After two seasons at this level, OFV returned to the Oberliga in 2011, where it lasted until 2013, when the club was relegated back to the Verbandsliga Südbaden again. Another Verbandsliga title in 2015–16 took the club back to the Oberliga.

==International players==
The following former internationals have played for the OFV in the later stages of their career:
- Ernst Willimowski, former German and Polish international, played for the OFV 1950 to 1952
- Kazimierz Kmiecik, former Polish international, played for the OFV in 1988–89

==Former managers==
- Hans Cieslarczyk (1979–1980)
- Antun Rudinski (1990–1991)
- Octavian Popescu (1991)
- Jürgen Hartmann (2006–2007)

==Reserve team==
The Offenburger FV II, in its better days, spent six seasons in the Verbandsliga Südbaden, which it finally got relegated from in 1990. After a time, were the club had no reserve side at all, the team has returned to some success, winning the Kreisliga B Offenburg, Staffel IV in 2008 and gaining promotion to the Kreisliga A Offenburg, Staffel Nord.

==Youth team==
The Under-19 side of the club (German: A-Jugend) competet in the Under 19 Bundesliga South-Southwest in 2007–08, having gained promotion from the Oberliga the year before.

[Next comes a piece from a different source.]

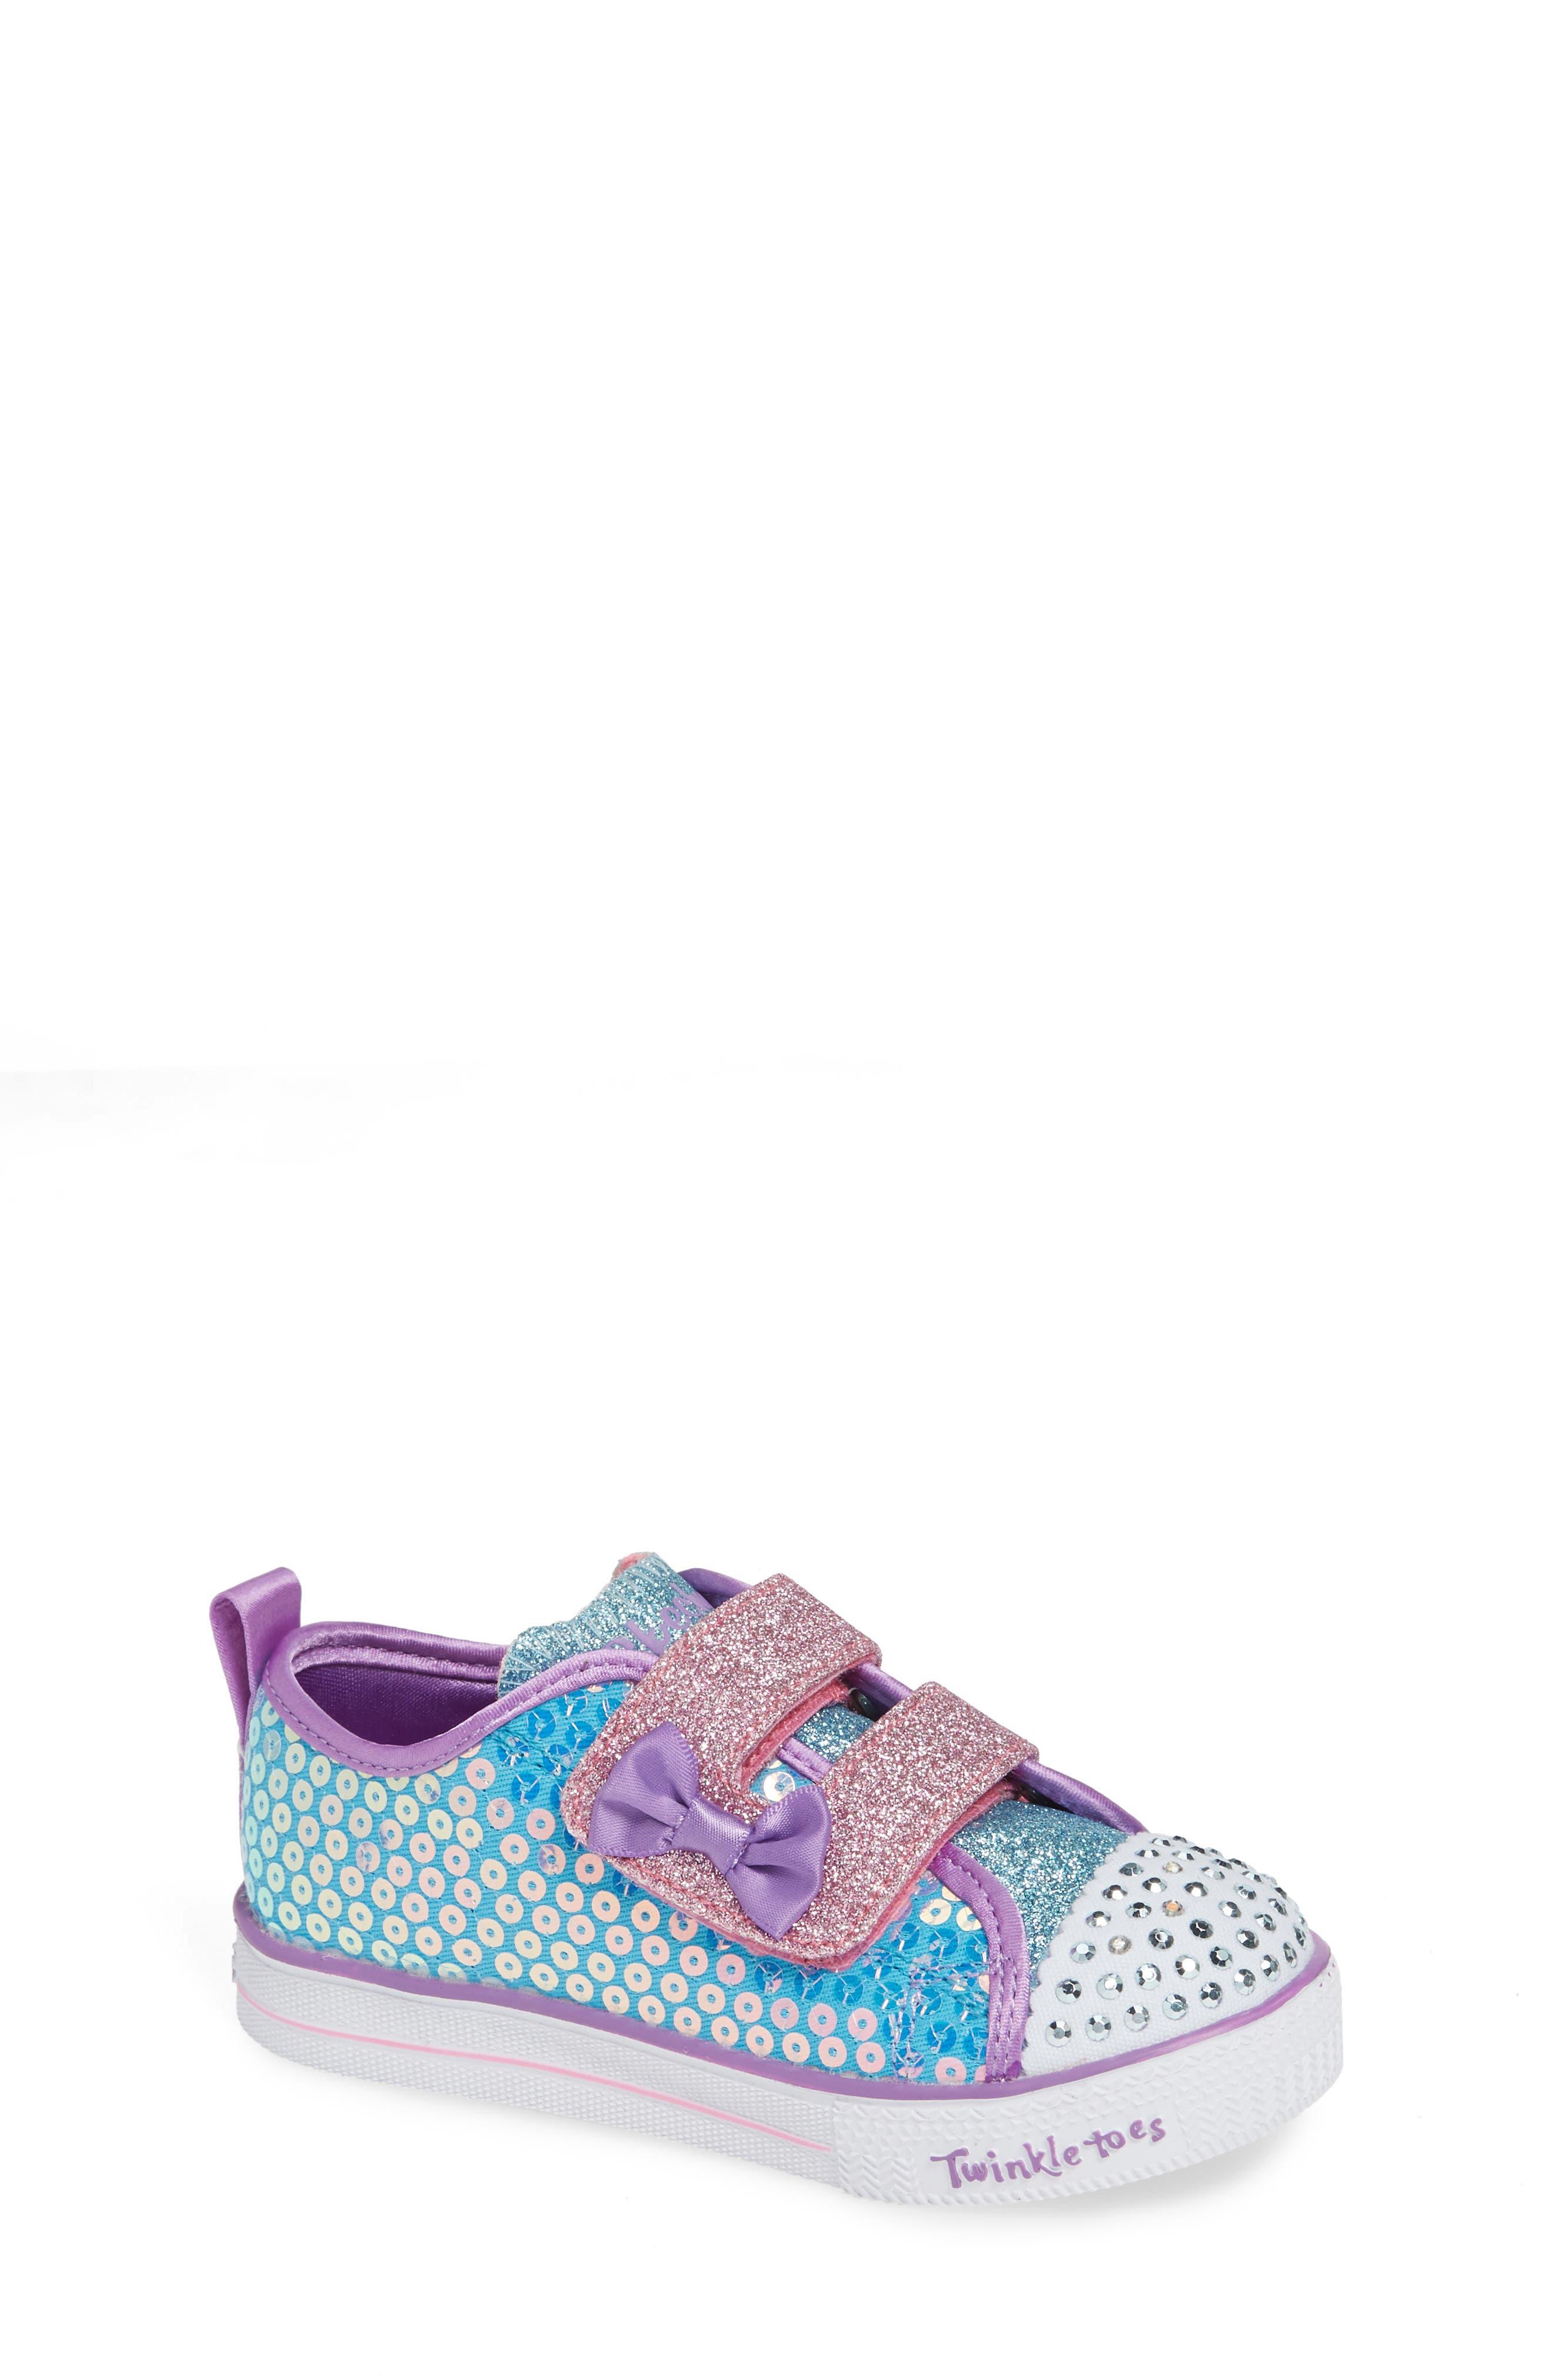 Shuffle Lite Glitter Sneaker,                             Main thumbnail 1, color,                             TURQUOISE/MULTI

The team finished thirteen out of fourteen teams and was relegated, Nevertheless, it is a strong performance when one considers that almost all other sides at this level are youth teams of professional clubs, like VfB Stuttgart and Bayern Munich.

==Honours==
The club's honours:

===League===
- German amateur football championship
  - Champions: 1984
- Bezirksklasse Baden (II)
  - Champions: (4) 1921, 1934, 1935, 1938
- Kreisliga Südbaden (II)
  - Champions: (4) 1925, 1927, 1931, 1932
- Oberliga Baden-Württemberg (III)
  - Runners-up: (3) 1983, 1984, 1987
- Amateurliga Südbaden (III)
  - Champions: (9) 1952, 1953, 1954, 1958, 1960, 1961, 1967, 1974, 1975
  - Runners-up: (4) 1956, 1957, 1963, 1968
- Verbandsliga Südbaden (V)
  - Champions: (3) 2008, 2011, 2016
  - Runners-up: (3) 2004, 2007, 2010

===Cup===
- South Baden Cup
  - Winners: (5) 1961, 1967, 1982, 1987, 2012
  - Runners-up: (8) 1948, 1959, 1972, 1978, 1981, 1985, 1988, 2009

==Recent managers==
Recent managers of the club:

| Manager | Start | Finish |
|---|---|---|
| Jürgen Hartmann | 1 July 2006 | 30 June 2007 |
| Arnold Brunner | 1 July 2007 | Present |

==Recent seasons==
The recent season-by-season performance of the club:

| Season | Division | Tier | Position |
| 1999–2000 | Landesliga Südbaden | VI | 5th |
| 2000–01 | Landesliga Südbaden | 2nd ↑ |
| 2001–02 | Verbandsliga Südbaden | V | 6th |
| 2002–03 | Verbandsliga Südbaden | 4th |
| 2003–04 | Verbandsliga Südbaden | 2nd |
| 2004–05 | Verbandsliga Südbaden | 4th |
| 2005–06 | Verbandsliga Südbaden | 3rd |
| 2006–07 | Verbandsliga Südbaden | 2nd |
| 2007–08 | Verbandsliga Südbaden | 1st ↑ |
| 2008–09 | Oberliga Baden-Württemberg | 18th ↓ |
| 2009–10 | Verbandsliga Südbaden | VI | 2nd |
| 2010–11 | Verbandsliga Südbaden | 1st ↑ |
| 2011–12 | Oberliga Baden-Württemberg | V | 13th |
| 2012–13 | Oberliga Baden-Württemberg | 16th ↓ |
| 2013–14 | Verbandsliga Südbaden | VI | 5th |
| 2014–15 | Verbandsliga Südbaden | 8th |
| 2015–16 | Verbandsliga Südbaden | 1st ↑ |
| 2016–17 | Oberliga Baden-Württemberg | V |  |

- With the introduction of the Regionalligas in 1994 and the 3. Liga in 2008 as the new third tier, below the 2. Bundesliga, all leagues below dropped one tier.

| ↑ Promoted | ↓ Relegated |

==Stadium==
The club's ground, the Karl-Heitz-Stadion, is a pure football stadium, something of a rarity for clubs at this level who usually play in multi-functional stadiums. The stadium was built in 1957–58 and modernised in 2001–02. It holds 15,000 spectators.